PL - E pode ficar durante quarenta anos num estado latente?

JFM - Exactamente. De início, ou a fase aguda da doença passa despercebida ou é-lhe dada outra etiqueta.

Por exemplo, as pessoas aparecem por vezes com essa doença per primum, com umas febres e a perder sangue nas urinas e não se descobre logo do que se trata, porque nem sequer se pensa nesse diagnóstico e encontra-se uma desculpa qualquer para justificar esse quadro...

PL - Ou seja, os sintomas são semelhantes a outros quadros clínicos?

JFM - Exacto. Isso depois passa, esquece-se e vai-se andando uns anos, só que o animal fica lá a produzir desgastes e a reproduzir-se. Passados muitos anos, chegam as consequências, que podem ser os rins destruídos, ou a bexiga destruída.

PL - O que é que pode ser feito? Acha que vale a pena as pessoas que estiveram em África fazer um teste, um despiste?

JFM - Eu acho que sim. O teste é facílimo, é uma simples análise de urina, em que se deve alertar o laboratório para a pesquisa do Schistosoma.

PL - Que consequência é que a doença pode ter, a longo prazo?

JFM - No pior quadro clínico, provoca cancro, um cancro que é diferente dos outros tipos de cancros da bexiga, em geral mais agressivo. A consequência é a pessoa ter que tirar a bexiga, o aparelho urinário e fazer as modificações necessárias.

PL - Mesmo depois de detectada a neoplasia, pode partir-se para a solução cirúrgica sem se ter ainda percebido qual foi a origem?

JFM - Exactamente. Pode detectar-se o cancro da bexiga sem saber qual foi o agente causal. Só se vem a descobrir após a cirurgia.

Agora, se a doença for detectada antes dessa fase, pode ser tratada com medicamentos que matam definitivamente o agente causador.

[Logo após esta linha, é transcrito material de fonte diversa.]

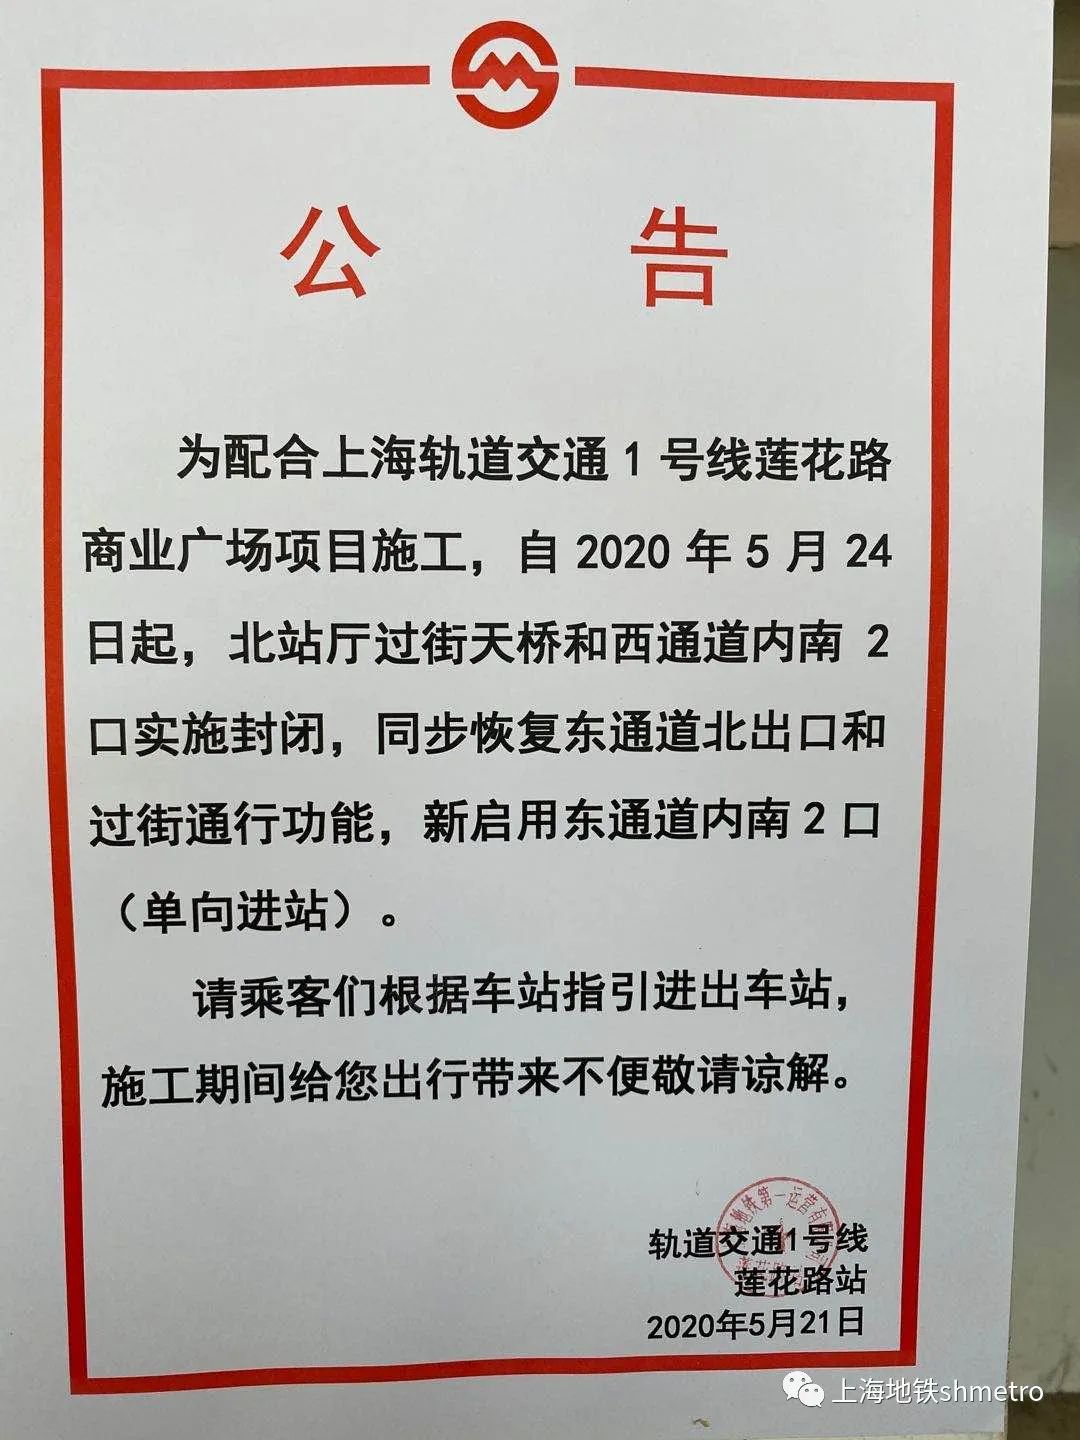 上海地铁1号线莲花路站出入口调整 过街天桥关闭

PL - O medicamento chama-se Praziquantel, é correcto?

JFM - Sim, presentemente o mais sofisticado da investigação actual é o Praziquantel. Em 24 horas fica o assunto resolvido.

PL - Ou seja, a doença tem cura?

JFM - Claro, cura total! Cura radical!

PL - Como é que se contrai esta doença?

JFM - Na água. Água doce, não água salgada. Nos rios ou ribeiros.

PL - Não tem que ser água estagnada?

JFM - Não, uma água qualquer.

PL - Há alguma semelhança entre esta doença e a bilharzíaze, ou bilharziose?

JFM - É a mesma coisa, é a mesma doença.

PL - O que aconselharia às pessoas que vão agora a África?

JFM - Evitar o contacto com a água doce, em rios ou lagos, sobretudo se tiverem lesões cutâneas, porque o germe entra pela pele.

PL - A transmissão não é feita por ingestão da água?

JFM - Não, não, é por contacto cutâneo, não é por beber. Se tomarem banho e tiverem alguma ferida recente, é muito perigoso.

PL - A doença está muito disseminada, ou é rara?

JFM - É muito frequente, em zonas tropicais.

PL - Quer deixar aqui alguma mensagem, sobre este assunto ou outro, que se lhe afigure actual ou oportuna?

Marcas de penetração de larvas na pele

JFM - Olhe, acho que tem havido um exagero nos media relativamente a doenças, nomeadamente ligadas à próstata e a doenças sexuais. As pessoas entram em pânico.

Por exemplo, o cancro da próstata, se bem que é uma doença que deve ser vigiada, mas não é algo de tão perigoso como as pessoas imaginam. Não é uma causa de morte!